Lenders who use complex algorithms to determine creditworthiness must detail to applicants the reasoning behind the denial of credit, the Consumer Financial Protection Bureau (CFPB) said Thursday in a circular.
The Equal Credit Opportunity Act (ECOA) requires creditors to give denied applicants a Notice of Adverse Action disclosing the specific primary reasons they denied or revoked credit or why existing credit terms have changed.
However, companies cannot justify non-compliance with the 1974 law simply because the credit model they use “is too complicated, too opaque in its decision-making or too new”, writes the CFPB.
“Creditors cannot legally use technology in their decision-making processes if their use means they are unable to provide the required explanations,” the office added, without offering a solution for companies to meet the law if they rely on such “blacks”. box models.

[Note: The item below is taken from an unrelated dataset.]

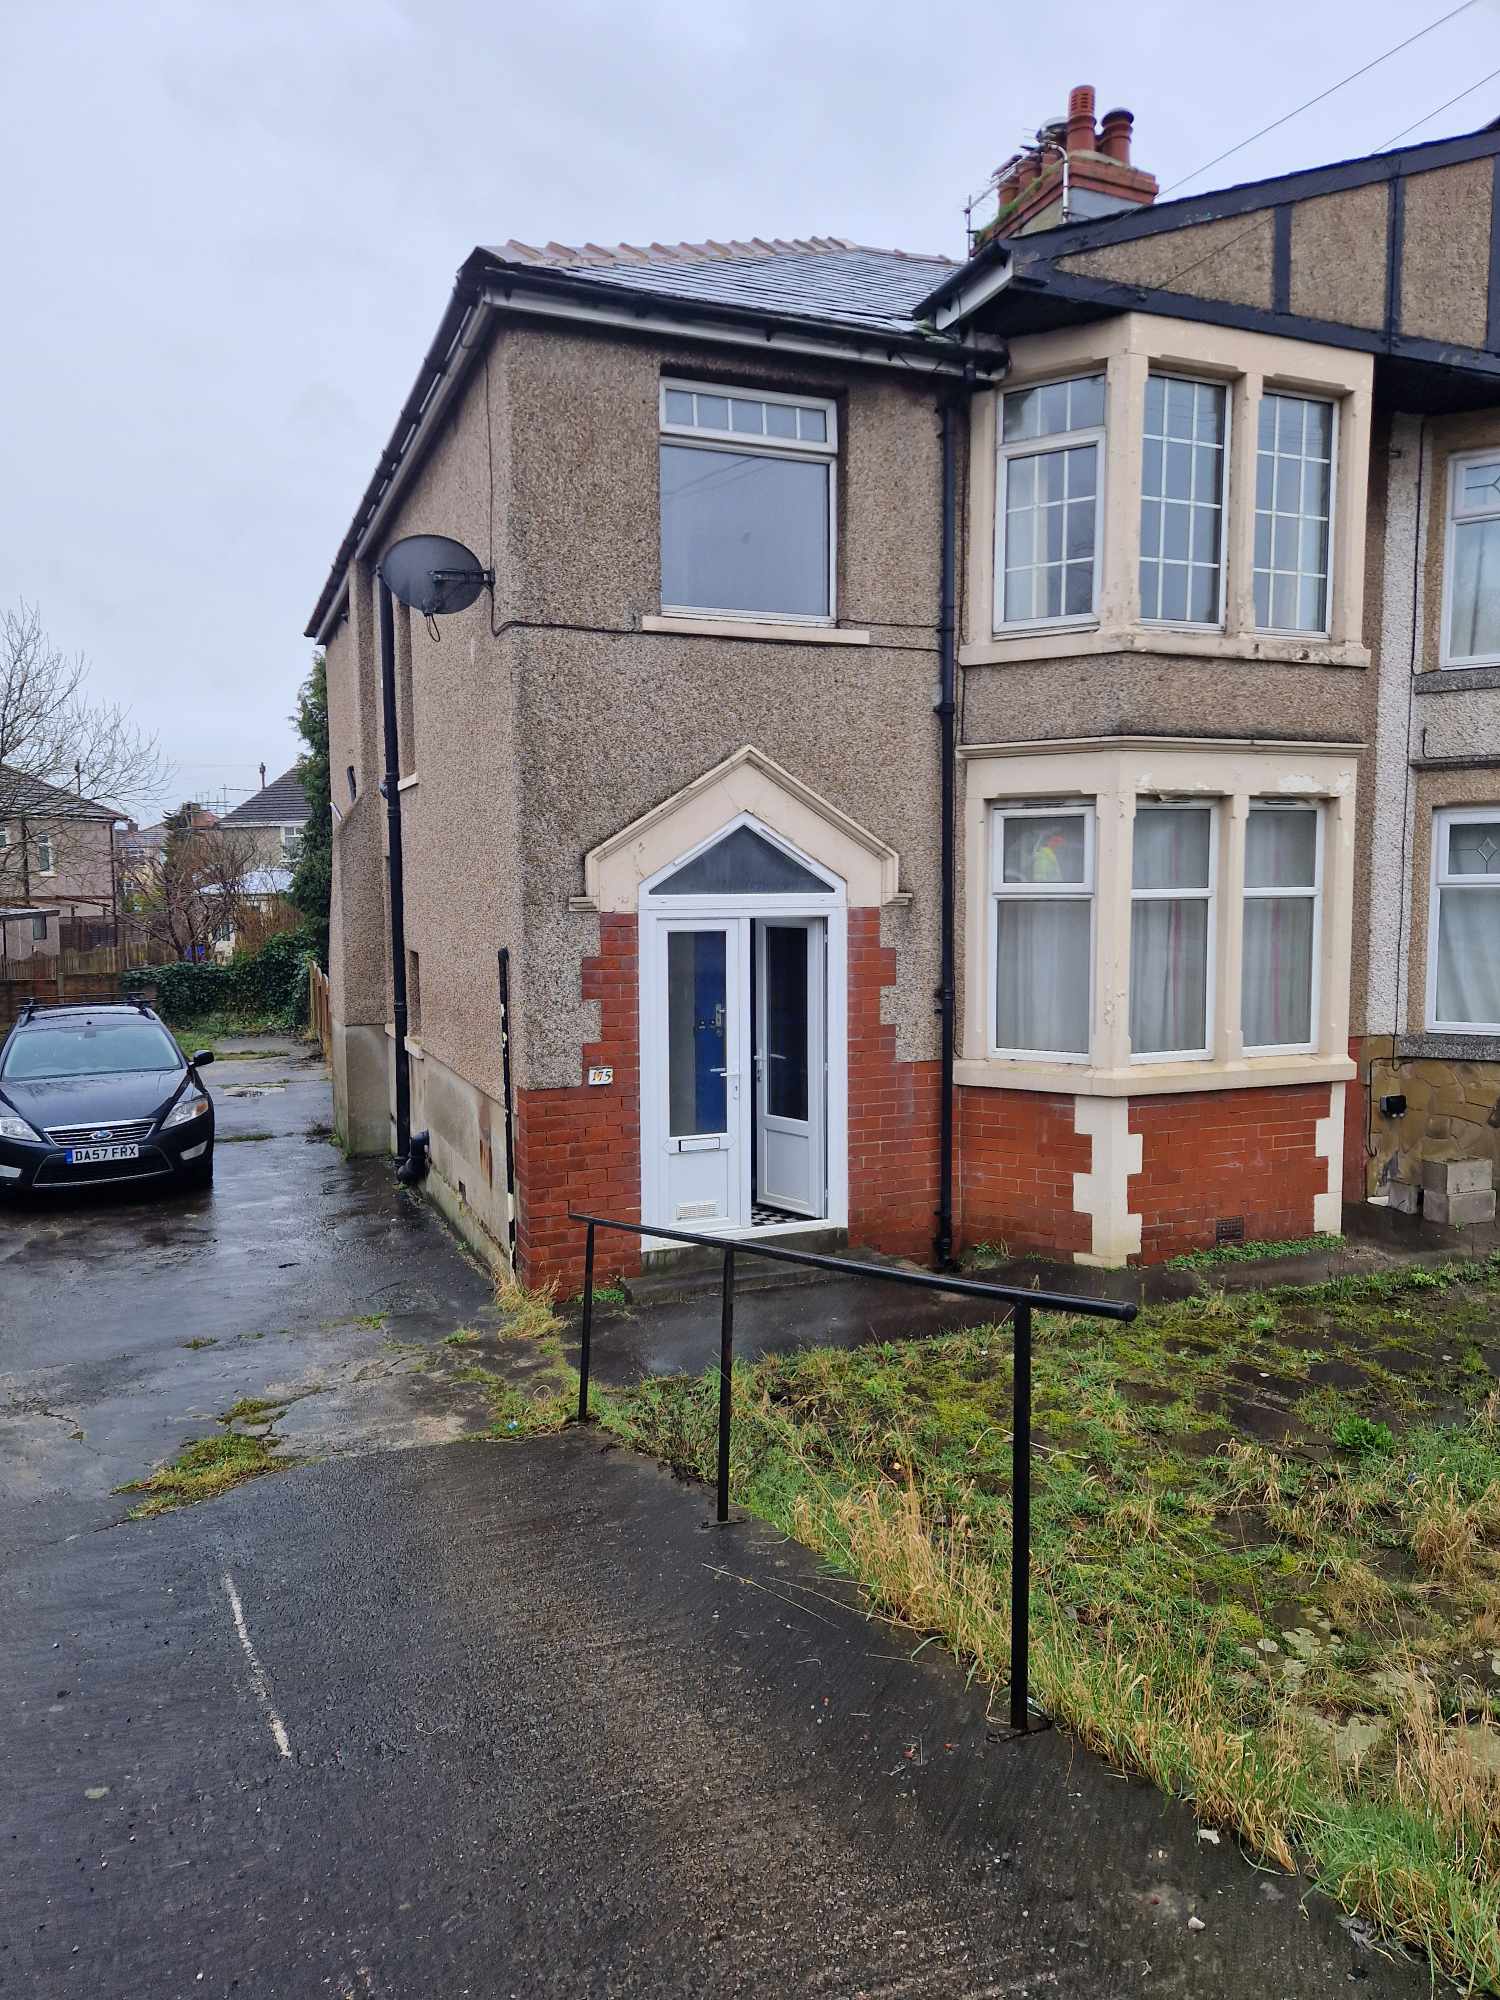 175 West End Road, Morecambe *2 Bedrooms*
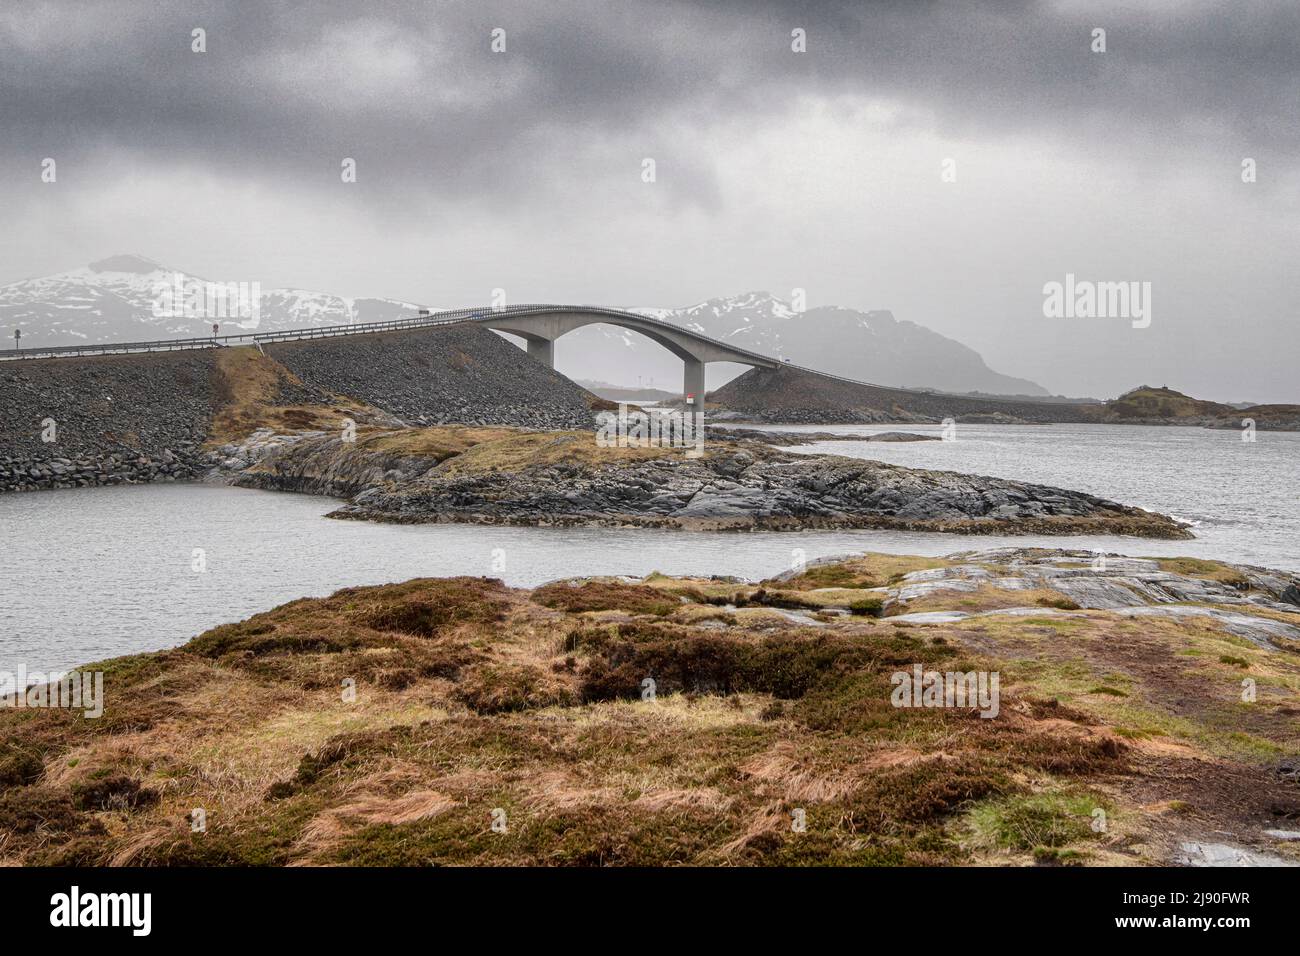 The Storseisundet Bridge,Located in the midwest part of the Norwegian coastline, cantilever bridge part of the Norway Atlantic higway Stock Photo

“The reasoning behind some of the outputs of these models may be unknown to users of the model, including the model’s developers,” the office wrote. “With such models, adverse action notices that meet ECOA requirements may not be possible. … [However]the use of complex algorithms by creditors should not limit the application of the ECOA or other federal consumer financial protection laws. »
In its circular, the office encouraged whistleblowers and government partners to notify the agency of potential violations of the ECOA. Nearly 200 financial institutions were flagged last year for violating the ECOA and associated Regulation B, An American banker reportedciting figures from the Federal Financial Institutions Examination Council.
“Companies are not exempt from their legal responsibilities when they let a black box model make lending decisions,” CFPB Director Rohit Chopra said in a statement Thursday. “The law gives every applicant the right to an accurate explanation if their credit application has been denied, and that right is not diminished simply because a company uses a complex algorithm that it does not understand.”
Finance companies “have a long history of using advanced computational methods” to determine credit “and have been able to provide rationales for their credit decisions,” the bureau said. “There is no exception for breach of law because a creditor uses technology that has not been properly designed, tested or understood.”